MAY 21, 2019
I don’t mean to sound hipster, but I was in the Facebook Marketplace game long before Marketplace was even conceived. I was a college student surviving on savings, scholarships, and financial aid. I was poor, and I was hungry for deals because, as most everyone knows, college is expensive. Then I discovered buy-and-sell groups.
Before Marketplace existed, users were already buying and selling on the social network’s platform, on groups where people trade and sell used items. I joined these groups to purchase clothing, household items, and textbooks. I’ve had plenty of experience as both the seller and the customer, meeting with students to close deals in lecture halls, libraries, and cafeterias, and I can proudly boast that I have—not once—been hoodwinked by shady dealers. You don’t have to be a big-time editor for a top Facebook ad agency to know what the red flags are. There are several ways that you, too, can outsmart scammers.
1. Research the Product
Before you even begin seriously considering an item, you must first research the product. Remember that the seller isn’t likely the only person selling that item. You will probably also find it listed in other Facebook groups, as well as legitimate e-commerce sites for used items, such as eBay. Search for the product online to see how much other merchants are selling it for. It’s also wise to find the original retail price of the product to determine whether the seller is giving you a fair deal or whether the seller is ripping you off.
2. Don’t Fall for “Bids”
After contacting the seller to express your interest in an item, that seller may respond with this: several other customers are interested in the product, and they are all bidding for it. How much are you willing to bid for the item? Although bids do happen, they usually occur within the comments section of the listed product. These bidders will comment with their offers until one user outbids them all. However, be wary of secret bids that a seller is claiming to exist without any physical evidence. If you’re not careful, you may be tricked by a seller fictitiously creating a bid to overcharge you for the product.

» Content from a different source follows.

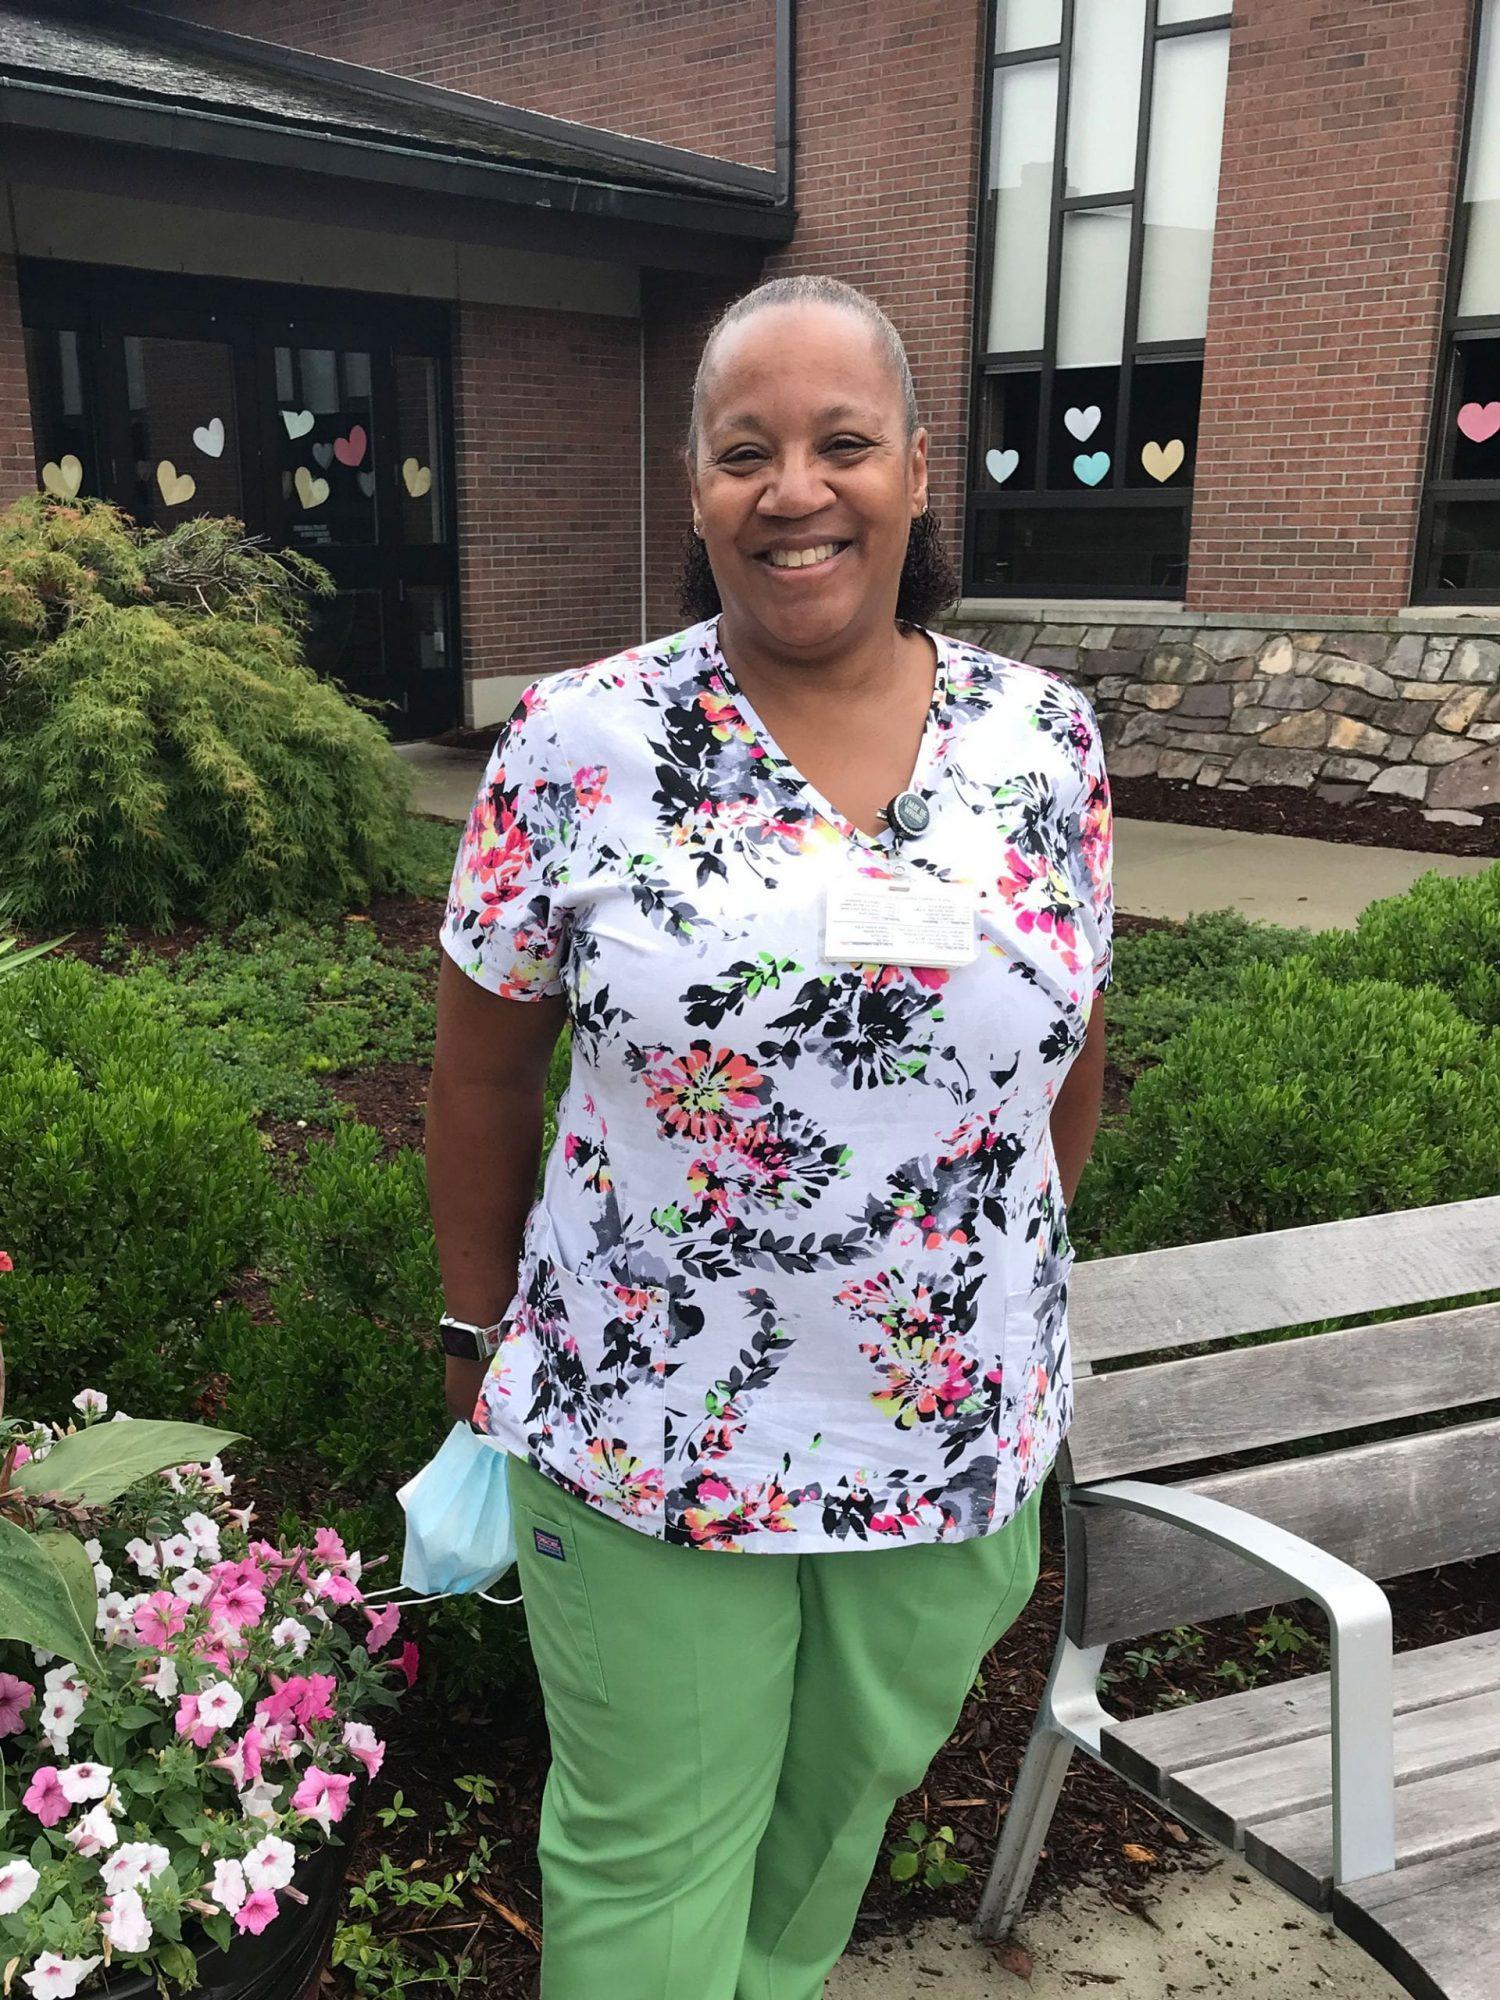 Donnette Barnett, CNA at Wernick Adult Day Health
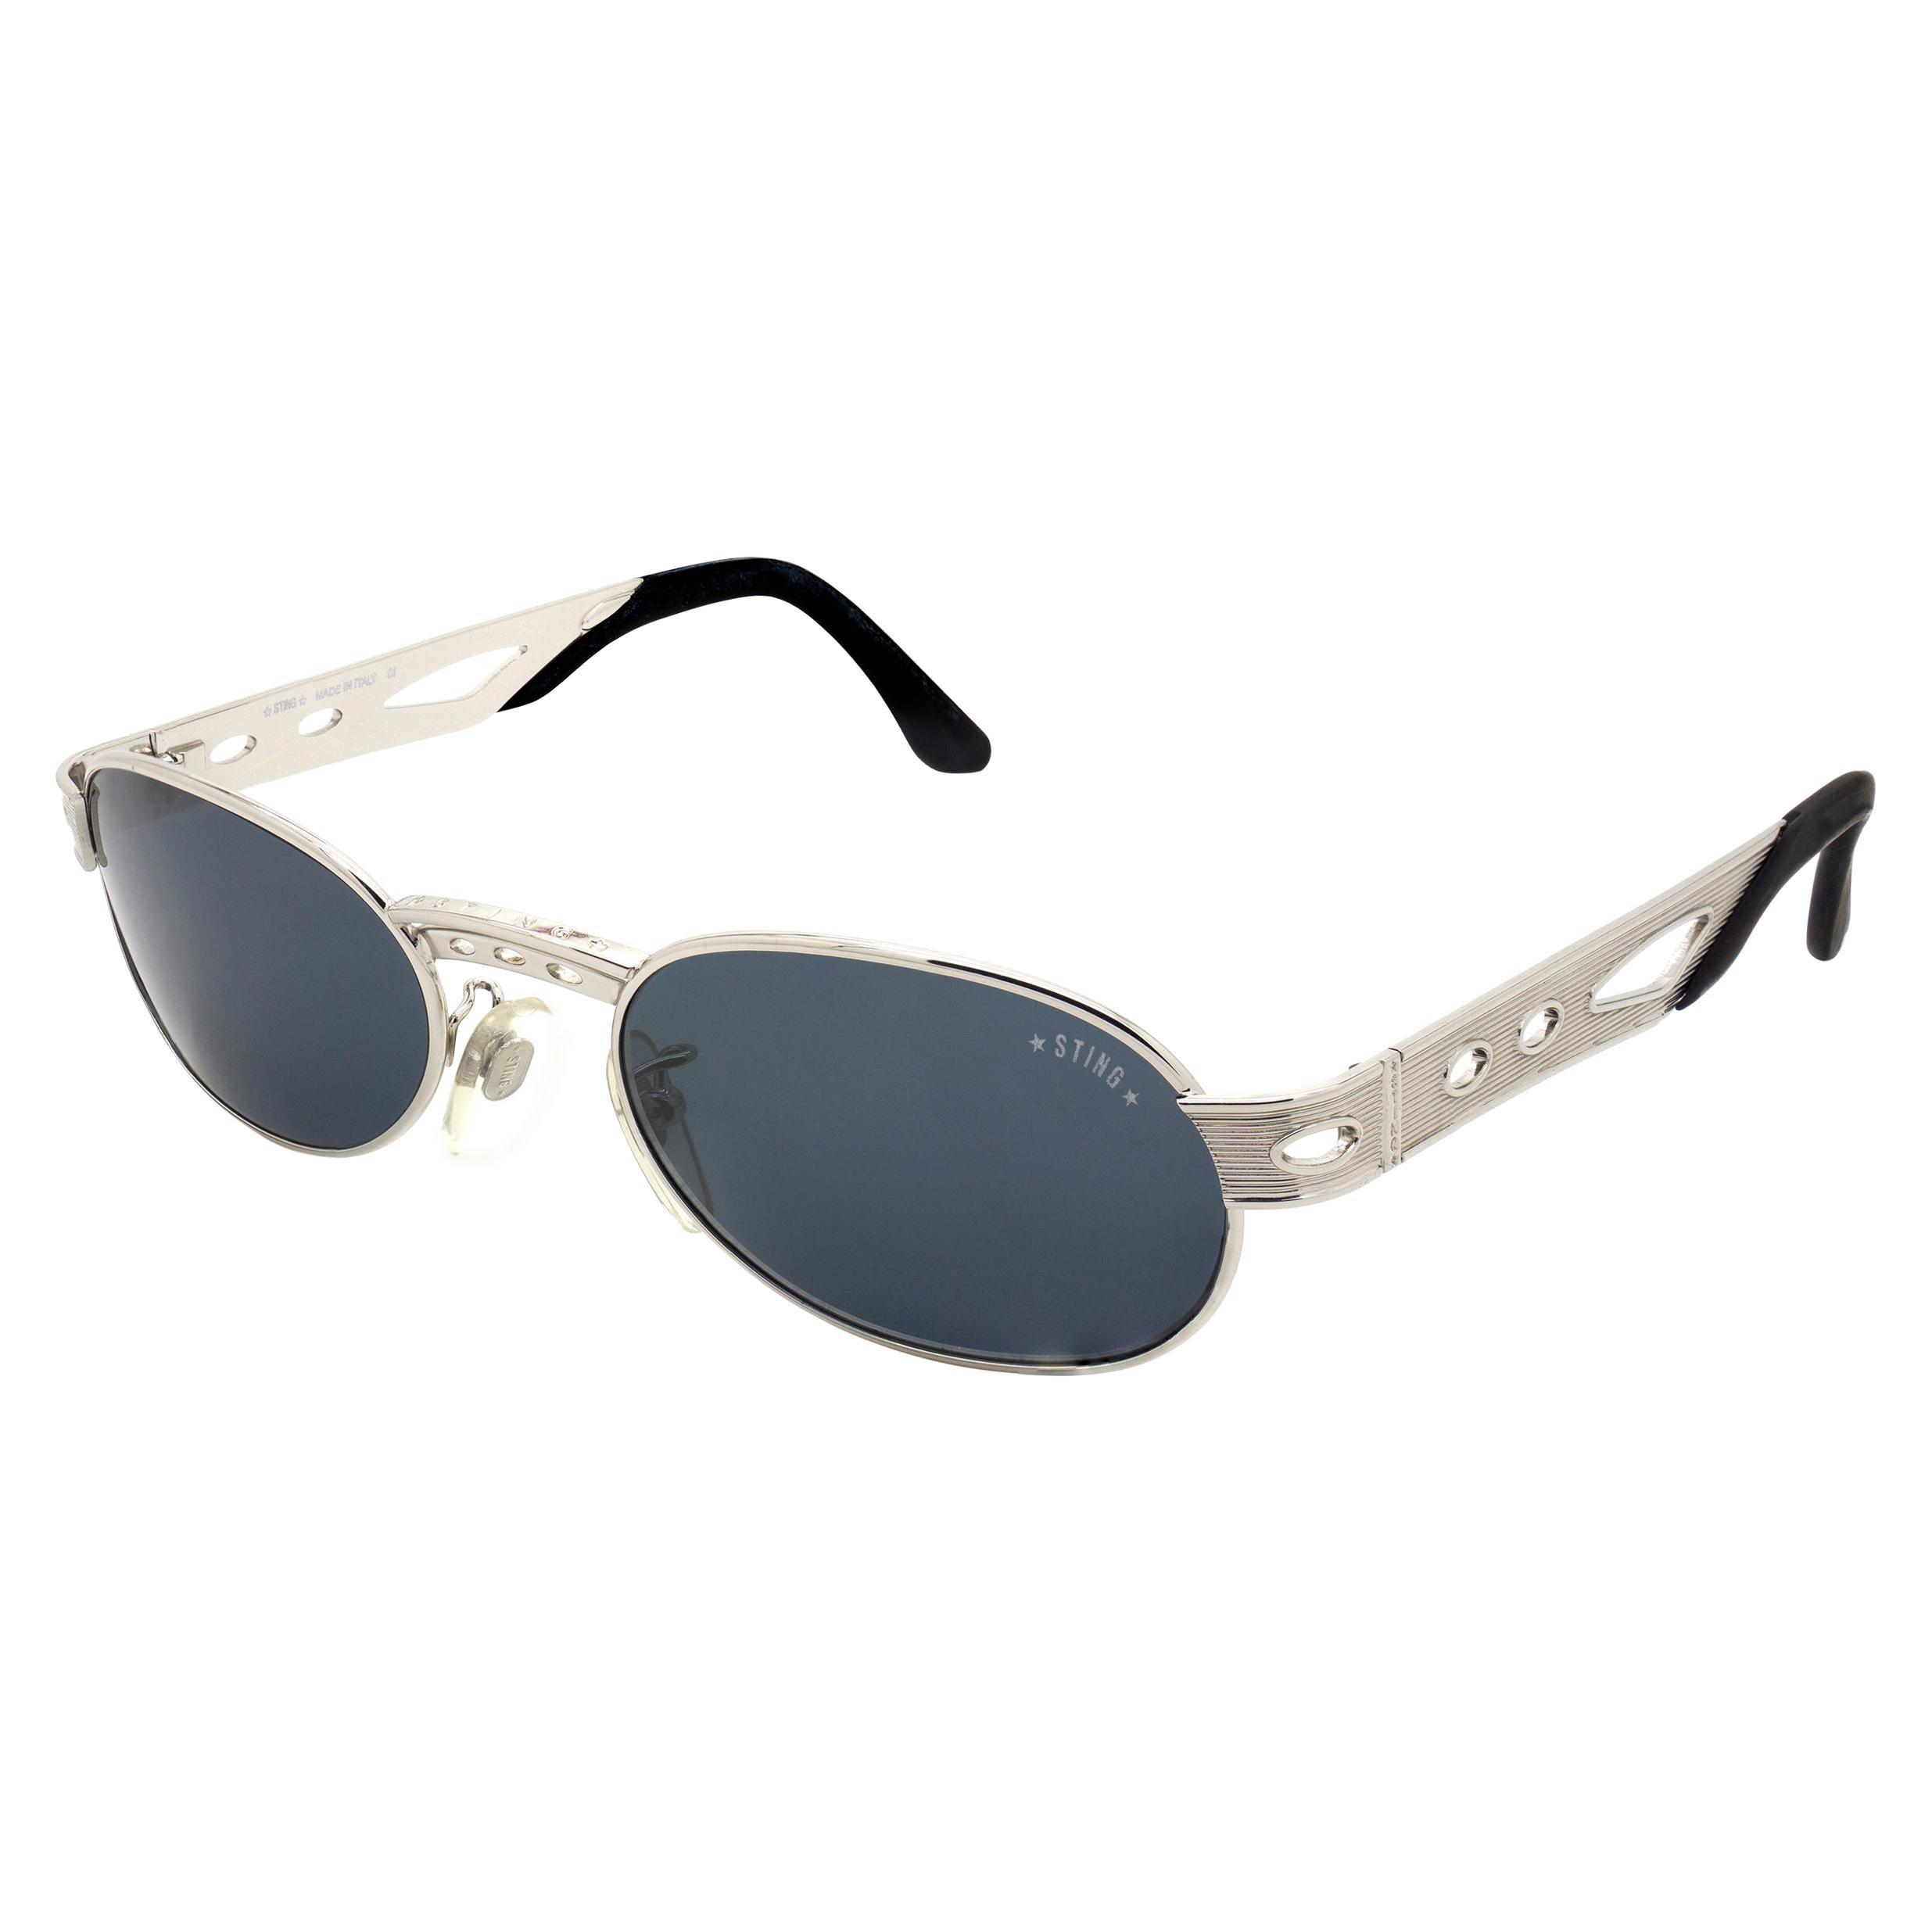 Sting art deco vintage sunglasses

3. Closely Inspect Furniture and Rugs for Bedbugs
Bedbugs are a growing problem that plague even pristine and glittering five-star hotels. They are difficult and expensive to kill, and they reproduce too quickly. For this reason, you must be wary of any used furniture you want to buy. Before purchasing, ask the seller why he or she is selling the items. Additionally, ask to see the pieces in person, so you can closely inspect for bedbug droppings, sheddings, or eggs. Don’t buy furniture with rips, as those could be hiding spaces for these pests.
4. Ask for More Images
How do you know the item you want to purchase actually exists? The seller could very easily pull an image online, post it to Marketplace, and sell the “item.” To ensure that the seller isn’t trying to scam you with an imaginary product, ask to see more images. Ideally, ask for images taken in real-time. If the seller keeps making excuses to avoid providing more pictures (Oh, I’m not home; my camera broke; I lost my phone), that’s a red flag you shouldn’t ignore.
5. Meet at a Public Space
This is perhaps the most important precautionary step in this list. You must absolutely insist on meeting in a public space when it comes time to pick up your item. Starbucks is a great place to do it or even a grocery store parking lot. Never meet in the dark, in a strange secluded alley, on a dirt road in the middle of nowhere, or at someone’s house. If you do have to meet at someone’s home, make sure to bring a friend or two. If you’re going alone, let a friend or a family member know where you’re headed.
This precaution, although it may sound paranoid to you, will save you from becoming a victim of a crime, like an assault, robbery, or worse. After all, you’re meeting a stranger for the first time. You never know.
6. Test the Product Before Paying
Before you hand your cash over to the seller, make sure to thoroughly inspect the item for defects. If you’re purchasing clothing, make sure to try the items to ensure they’re the perfect fit for you. If you find that the item is defective in any way, you can even try haggling the price down.
The Rise of Facebook Marketplace
Buying and selling on Facebook existed even before Marketplace rolled out to the public. It first arrived to the platform in October of 2016, and by that time, users were already hunting for the best deals on used items.
When Facebook announced Marketplace’s rollout, many believed it was an attempt to compete against retail sites like eBay and Amazon. This is not a surprising conclusion. Marketplace and buy-and-sell sites function similarly. You search for great deals on Marketplace by category, price, or location. If you tap on an item, you will find details such as the name, profile photo, and location of the seller and product description. You can save an item to buy for later or you can send the seller a direct message if you would like to make a purchase.
Buying and selling on Facebook, which may seem strange to some, makes perfect sense upon further examination. Think about it: Facebook already has numerous buy-and-sell group pages such as UCSB Free and For Sale, Fashion Exchange, and OC Buy and Sell. These groups aren’t obscure groups that have only a small following. According to Facebook, more than 450 million users visit buy-and-sell groups each month.
If you find social media platforms meddling with e-commerce strange, keep this in mind: Social commerce, as they call it, has already taken root in Asia. If you already participate in social commerce, just remember: take precautionary steps before purchasing.